┌─ Supplied information
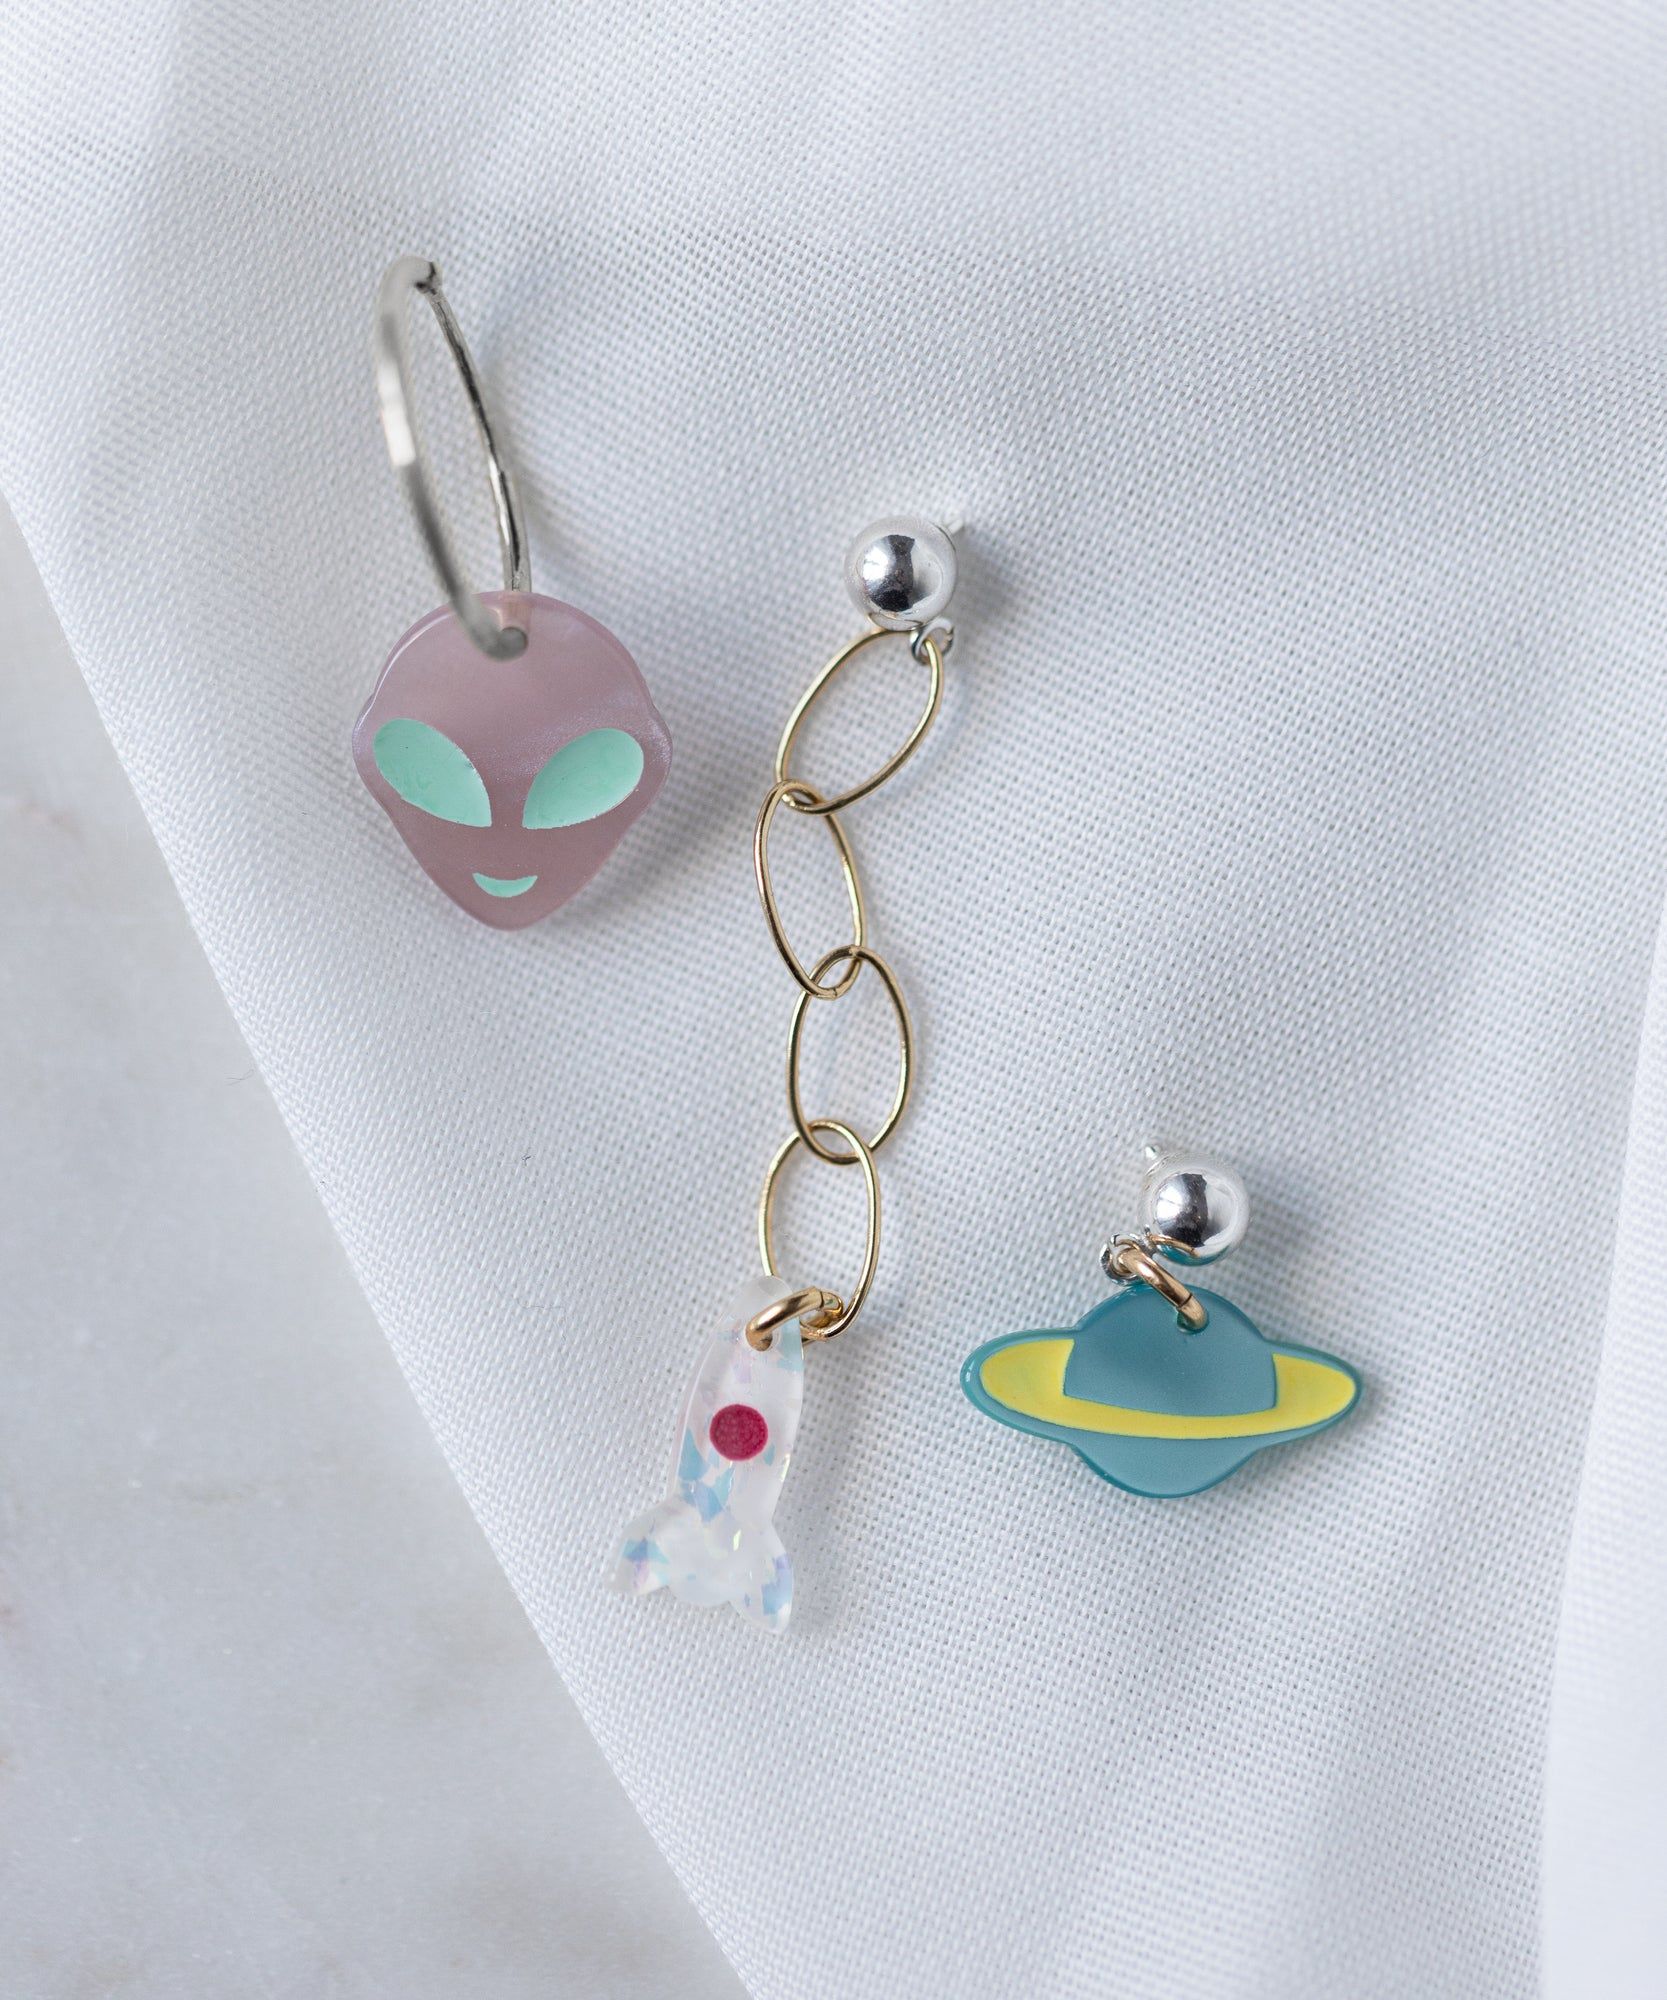 A pair of From Another Mother Galactic Earring Set earrings with aliens and planets on them from WALD Berlin.
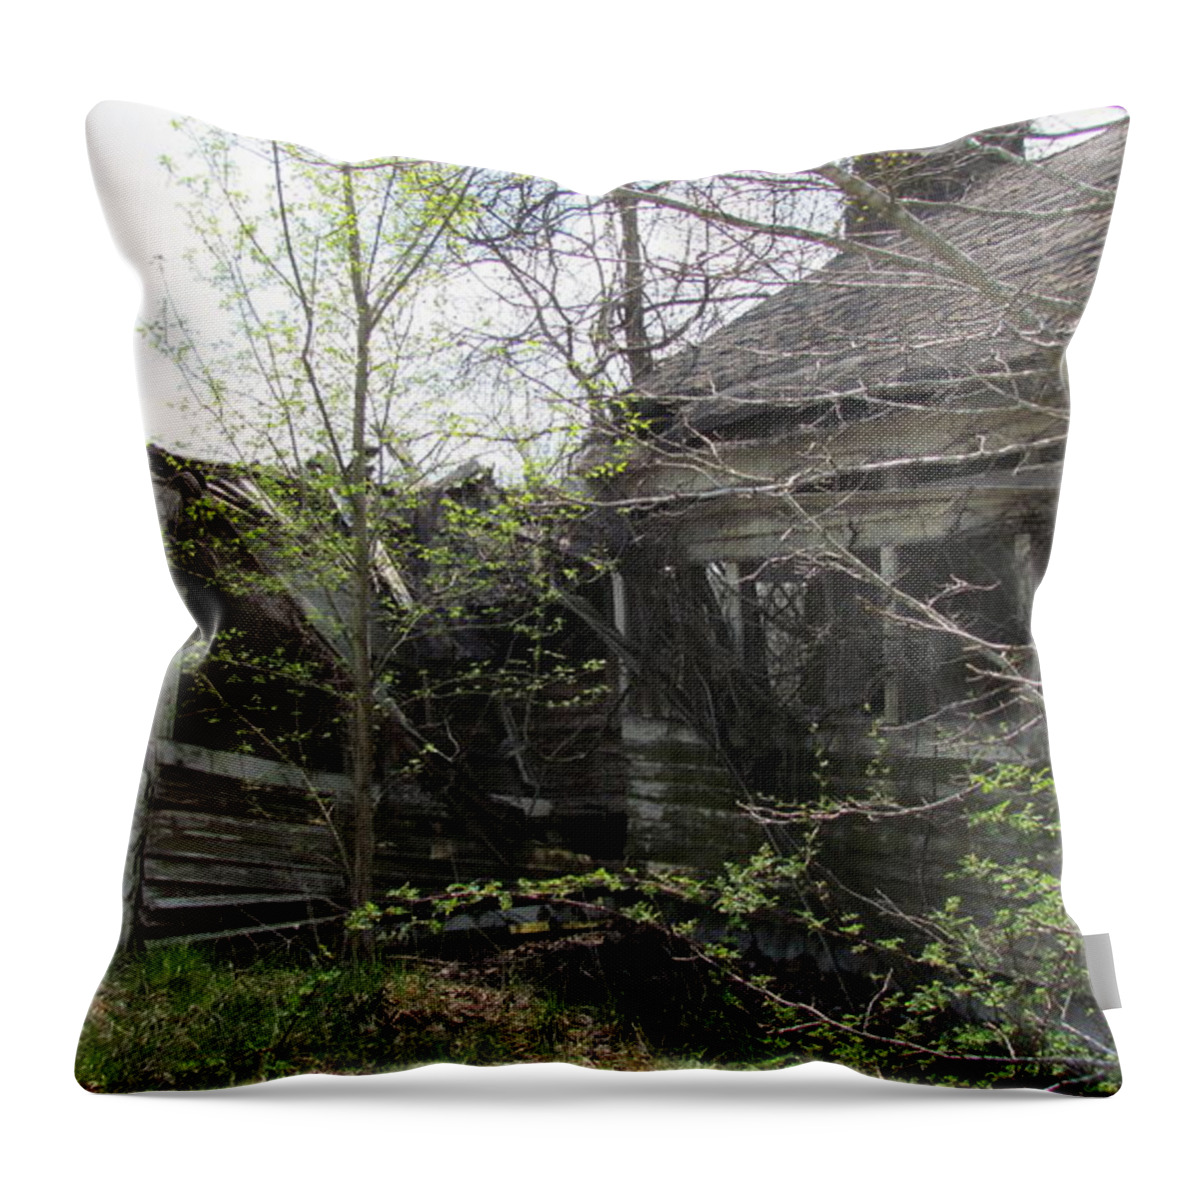 Photography Throw Pillow featuring the photograph The Old Farm House by Shea Holliman
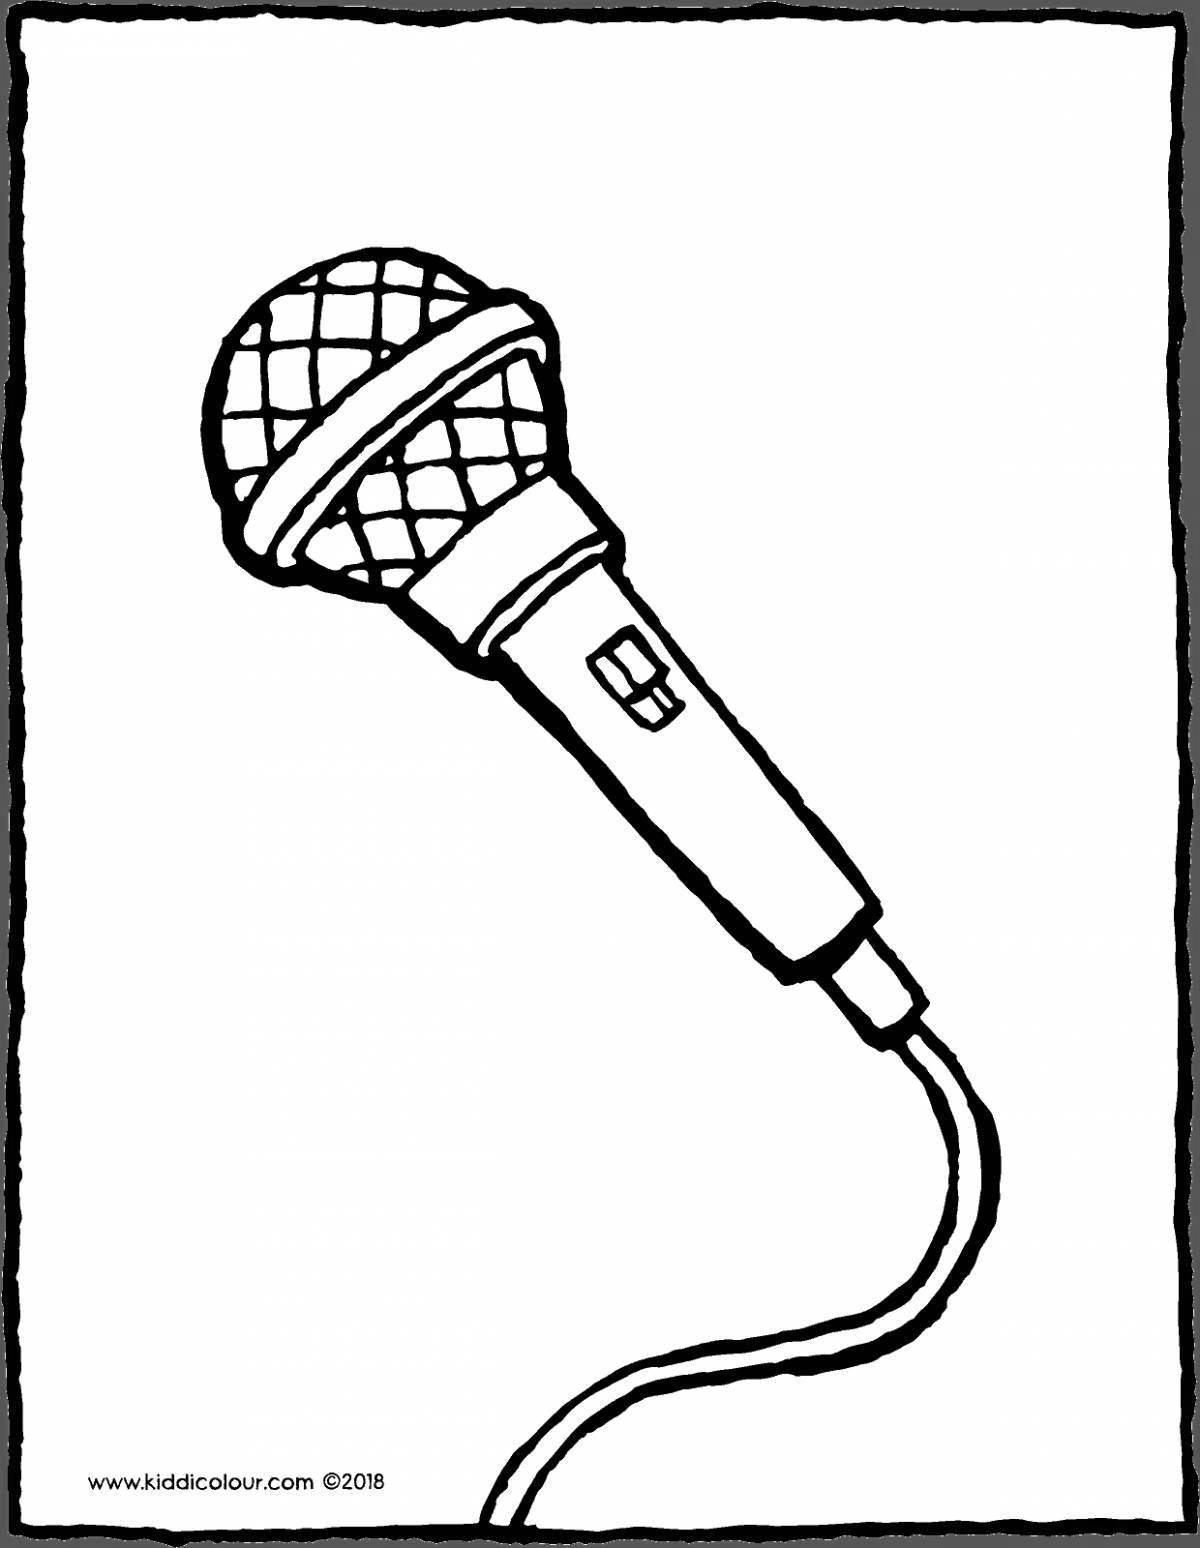 Colorful microphone coloring book for kids
└─
▶ _What is being asked_: Everything from the line that contains "Photography Throw Pillow" through the final line of the material should be returned exactly, except the pictures.

▶ _Solution below_:
 Photography Throw Pillow featuring the photograph The Old Farm House by Shea Holliman
 Colorful microphone coloring book for kids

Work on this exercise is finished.